After the mid-term exam, I received a phone call from my daughter's class teacher. First of all, I learned that my daughter's grades are still average. However, he said, there is a strange thing he wants to tell me. This is the first time he has been teaching for 30 years. There is an additional question on the Chinese test paper: which classmate in your class do you admire most? Please tell me the reason. Except my daughter, the whole class actually wrote her name. There are many reasons: being helpful, keeping promises, not getting angry, being easy to get along with, etc. And most of them are optimistic and humorous. The class teacher also said that many students suggested that she be the monitor. He lamented: although your daughter's grades are average, she is really excellent at being a human being. I jokingly told my daughter that you were going to be a hero. The daughter who is knitting a scarf cocked her head and thought about it. She told me seriously that the teacher once said a proverb: when a hero passes by, someone always sits on the side of the road and applauds. She said softly, "Mom, I don't want to be a hero. I want to be the one who sits on the roadside and applauds. " I suddenly a shock, wait for a while looked at her. She quietly knitted wool and light pink thread, wrapped around bamboo needles, as if an inch of time, spitting out small buds in her hands. Heart, suddenly warm.

At that moment, I was suddenly moved by this girl who didn't want to be a hero.
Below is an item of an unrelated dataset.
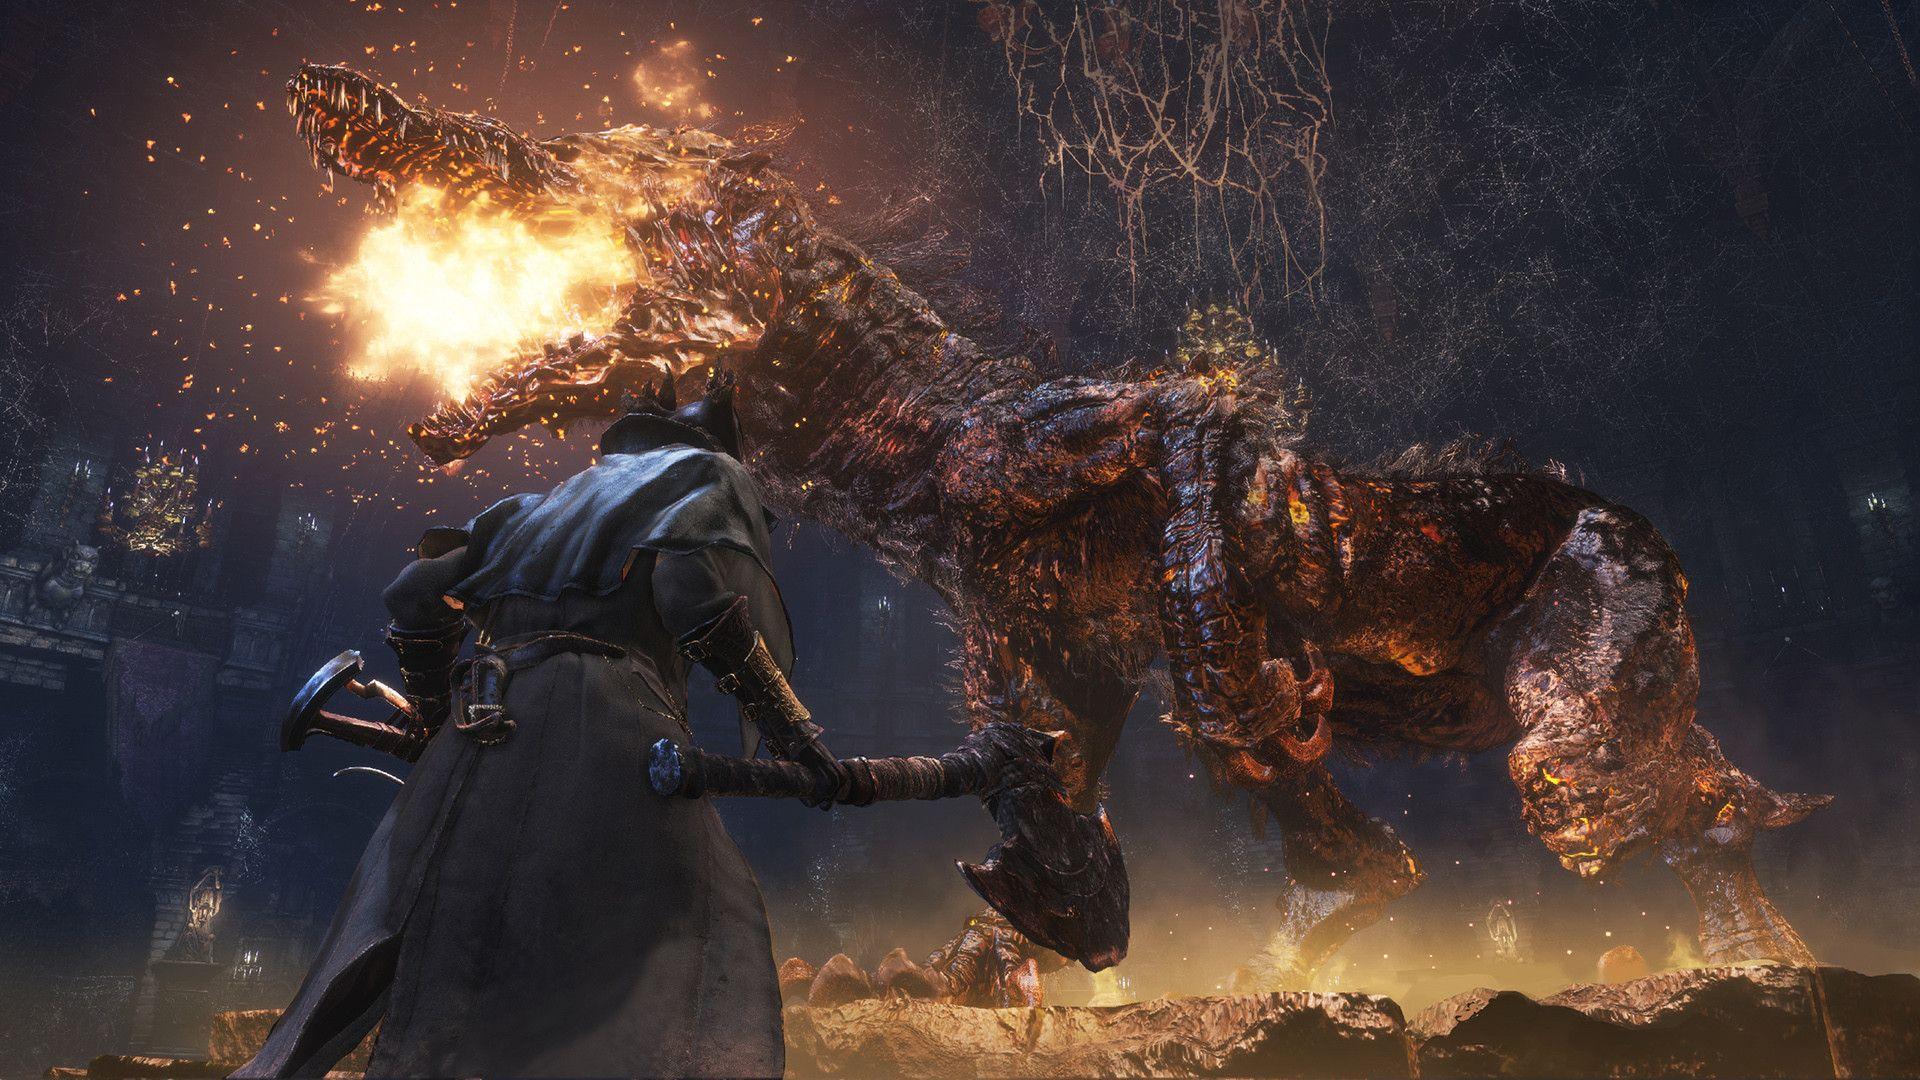 Bloodborne GameSpot Bloodborne, Ps4 exclusives, Ps4 games

In this world, how many people aspire to be heroes when they are young, but eventually they become ordinary people in the world of fireworks. If we are healthy, if we are happy, if we don't go against our wishes, why don't we be a kind ordinary person? When she grows up, she will be a virtuous wife, a gentle mother, even an enthusiastic colleague and a kind neighbor. In those long years, she can live the life she wants in peace. As a parent, what kind of bright future do you want to pray for your children?